Certification is the conclusion to the End Entity enrolment process. As the word implies, this step involves the issuance of the End Entity public key certificate by the CA. If the key pair is generated externally to the CA, the public key component must be conveyed to the CA in a secure manner. Once generated, the certificate is returned to the End Entity and/or published to a certificate repository. Certificates are issued with fixed lifetimes (referred to as the “validity period” of the certificate). However, the circumstances that existed when the certificate was issued can change before the certificate expiry. Reasons for revocation include private key compromise, change in affiliation and name change (specific reason codes are defined in X.509). Therefore, it is sometimes necessary to revoke a certificate before its expiration date. The Revocation Request allows an End Entity or a Registration Authority (RA) to request revocation of a given certificate. Certificate revocation information must be made available by the CA that issued that certificate or by the CRL Issuer to which the CA delegates this function. X.509 defines a method for publishing this information via Certificate Revocation Lists (CRLs). The End Entities, or trusted third parties operating on their behalf, must check the revocation status of all certificates in a given certification path. This includes revocation information about End Entity certificates as well as intermediate CAs.

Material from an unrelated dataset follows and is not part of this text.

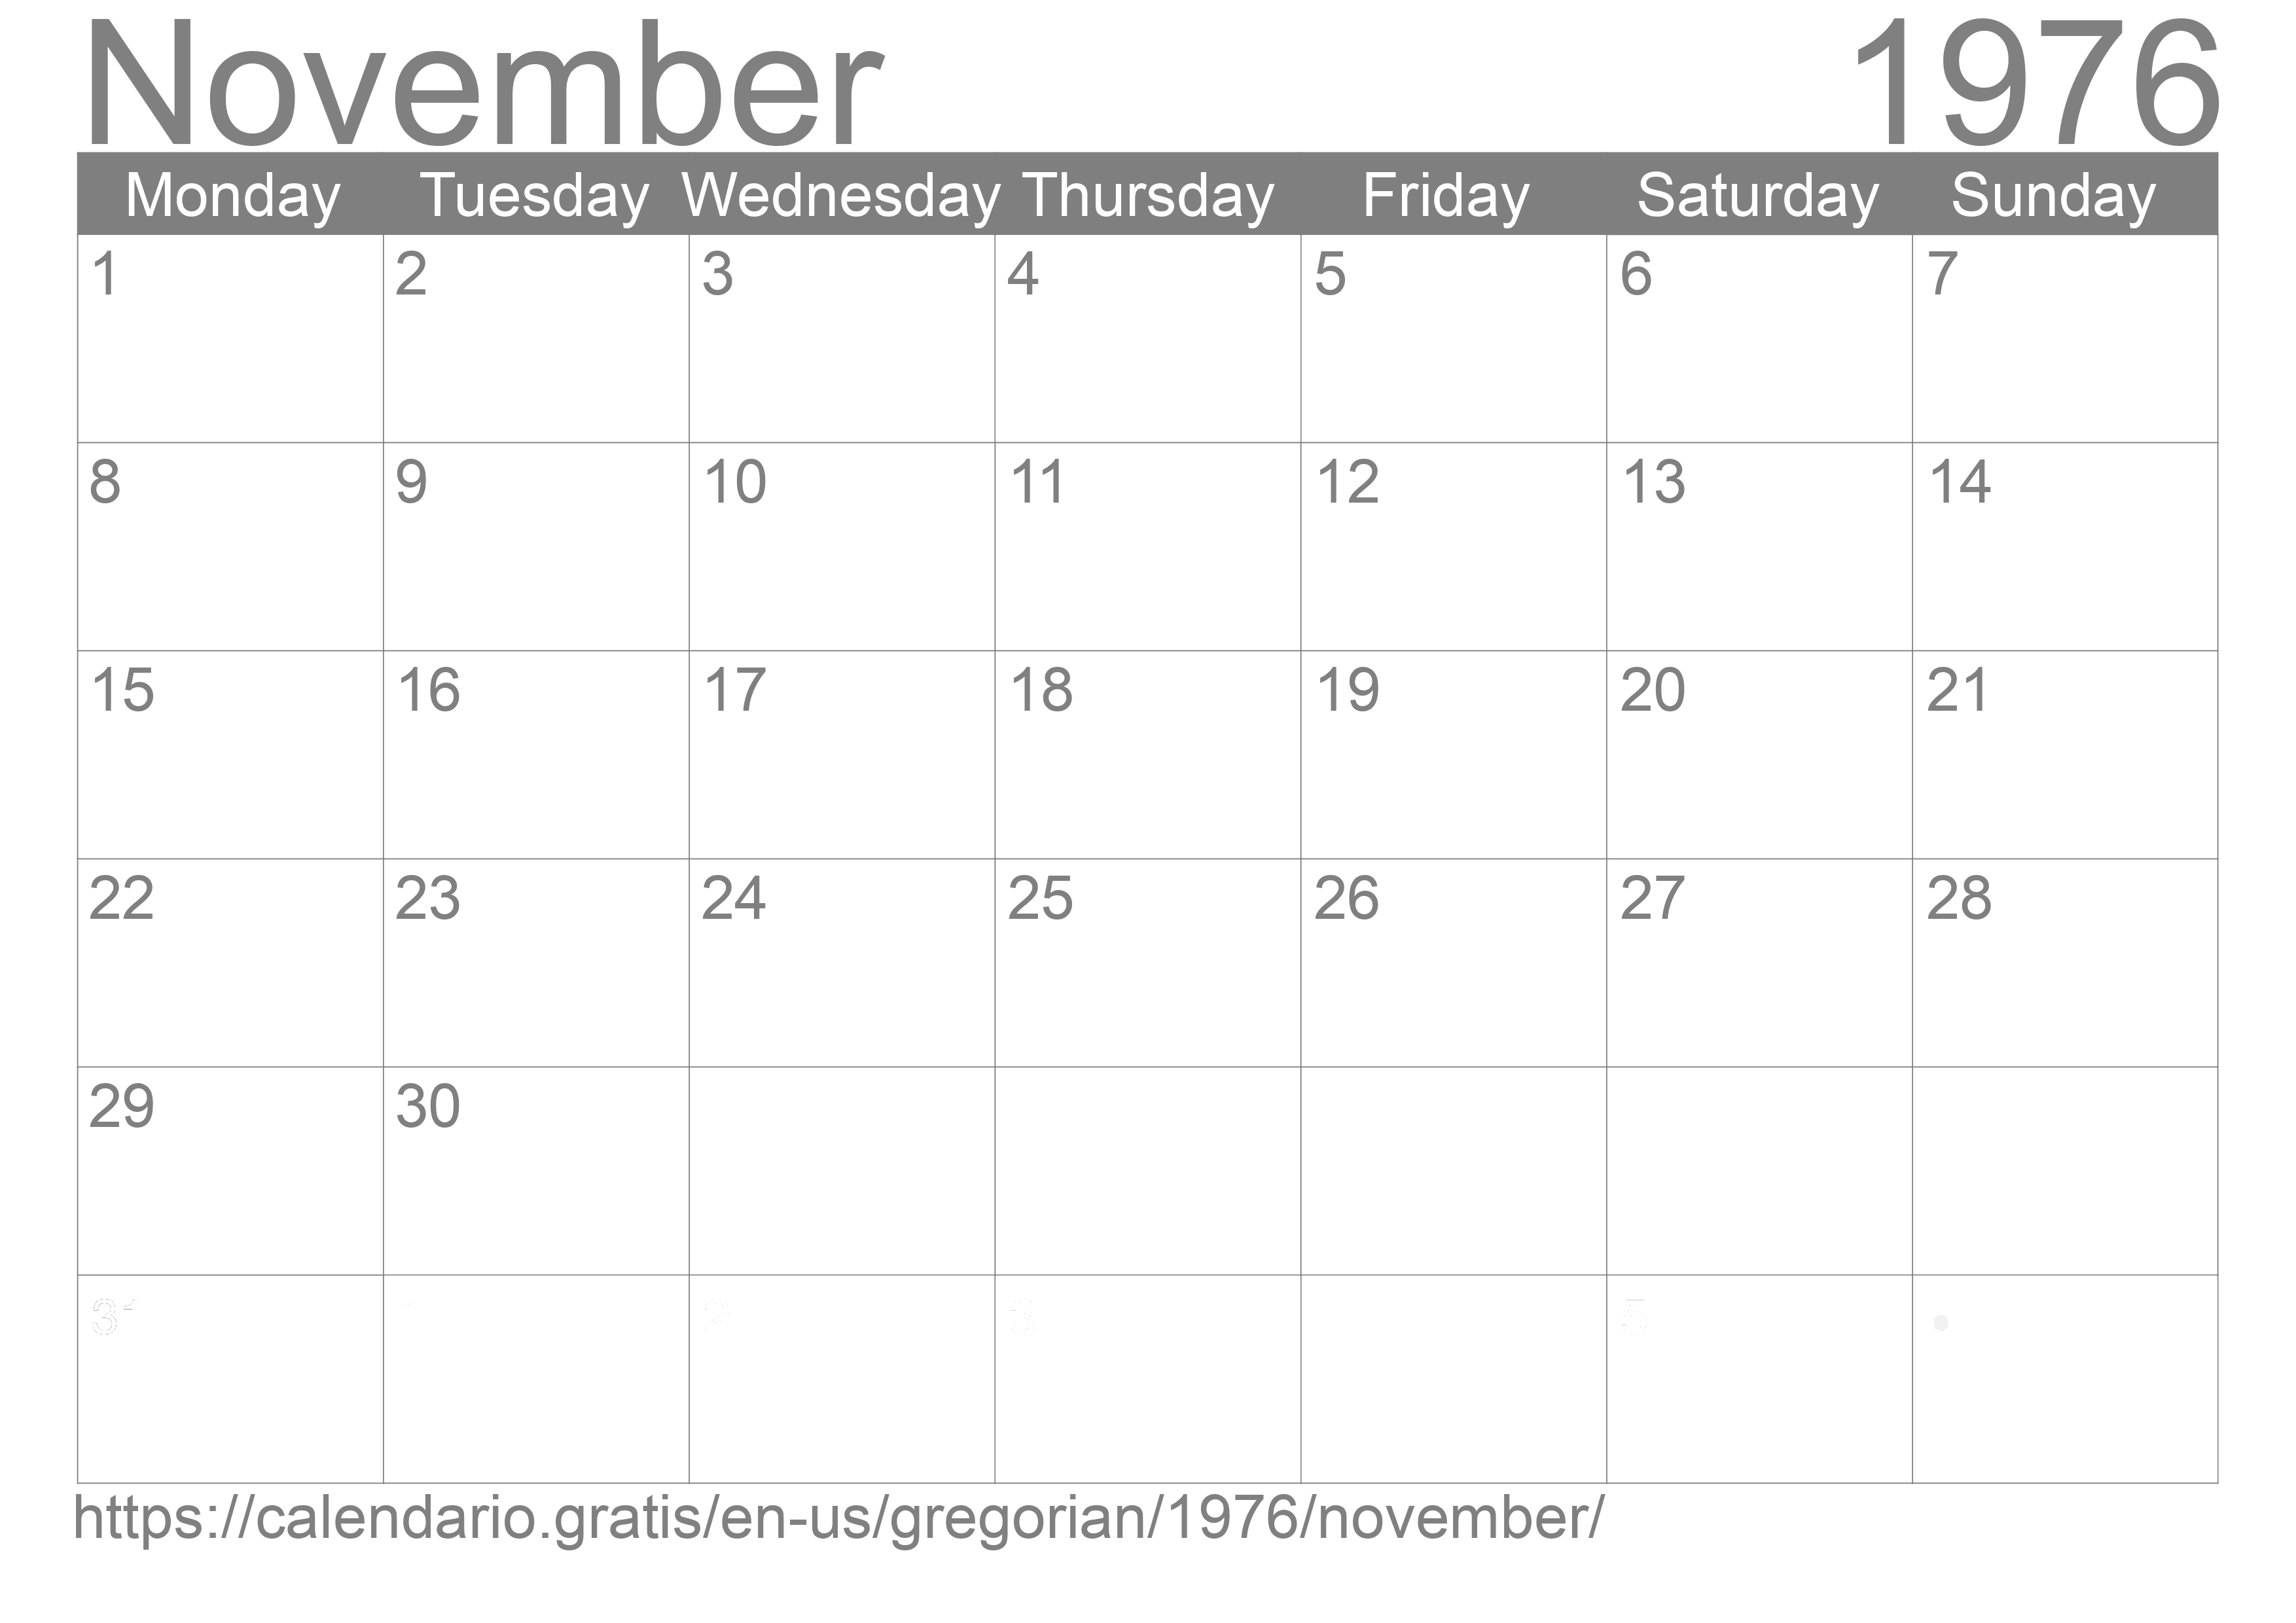 Calendar November 1976 to print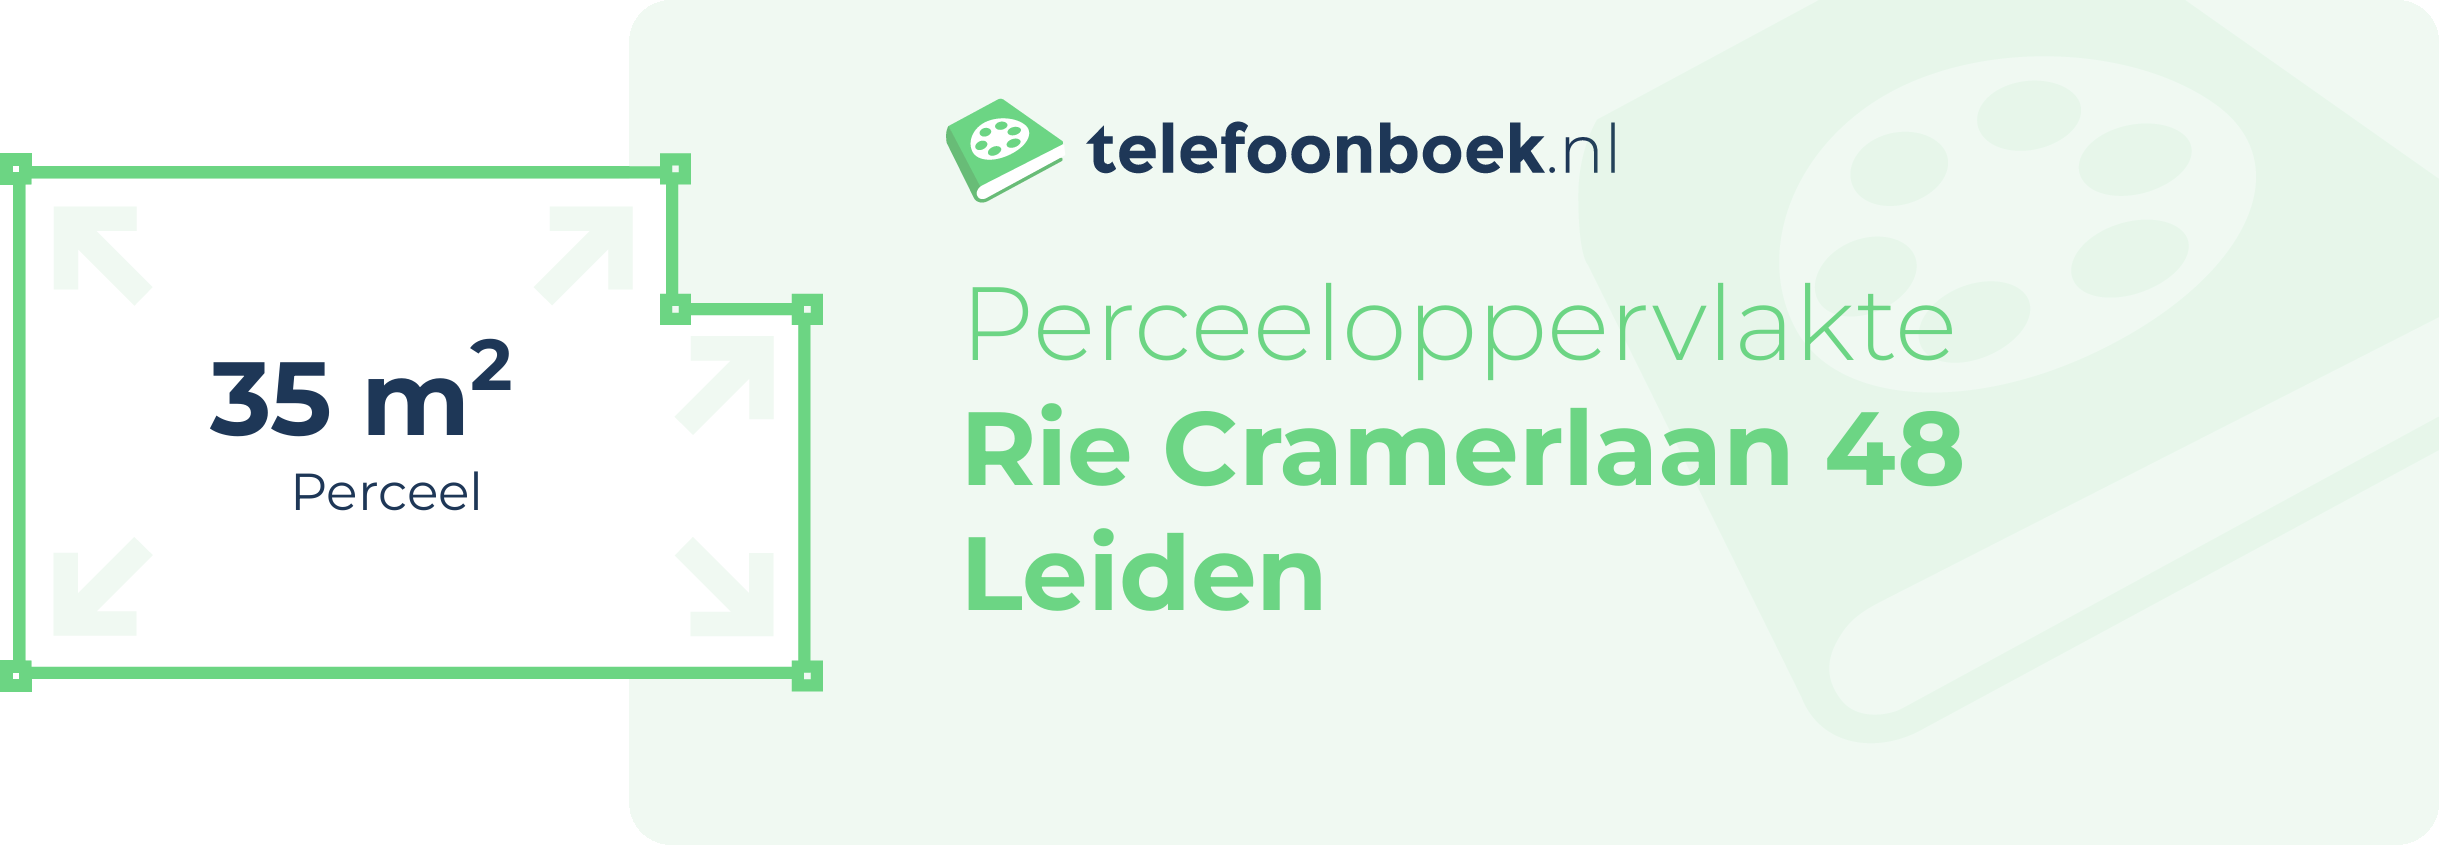 Perceeloppervlakte Rie Cramerlaan 48 Leiden

Key pairs and public key certificates can be used to support digital signature creation and verification, encryption and decryption, or both. Digital signatures are typically used for securing the authenticity and the integrity of data processed in a system or transmitted over a network. Therefore the technology can also be used to “sign” data in the legal sense (so-called “electronic” signatures). Between 1995 and 1998 legislation was enacted in the US and in Europe presenting the digital signature technology as the privileged technology to generate secure electronic signatures for legal purposes. Later legislation reversed this approach in order to follow a more technology-neutral approach for electronic signatures. Nevertheless, the European Directive 1999/93/EC still refers to electronic signatures based on PKI, mainly in its annexes containing requirements for qualified certificates based on the X509 standard.

PKI is quite a complex and expensive solution and it has been less successful than expected. However it is still considered to be a very secure technology for authentication and electronic signatures. National identity card projects in some European Member States such as Austria, Belgium, Estonia, Finland and others have adopted PKI for these functions.

In principle, normal business regulations are valid concerning the Internet and electronic transactions. Contracts resulting in a binding obligation for all parties can be made by e-mail or by a simple click. To ensure authenticity and to have potential evidence in an anonymous environment in front of court, the use of electronic signatures is reasonable. Additionally authenticity can be gained by using pseudonyms, a possibility the legal systems of some countries provide (e.g., Germany, § 5 paragraph 3 Signaturgesetz, see section ).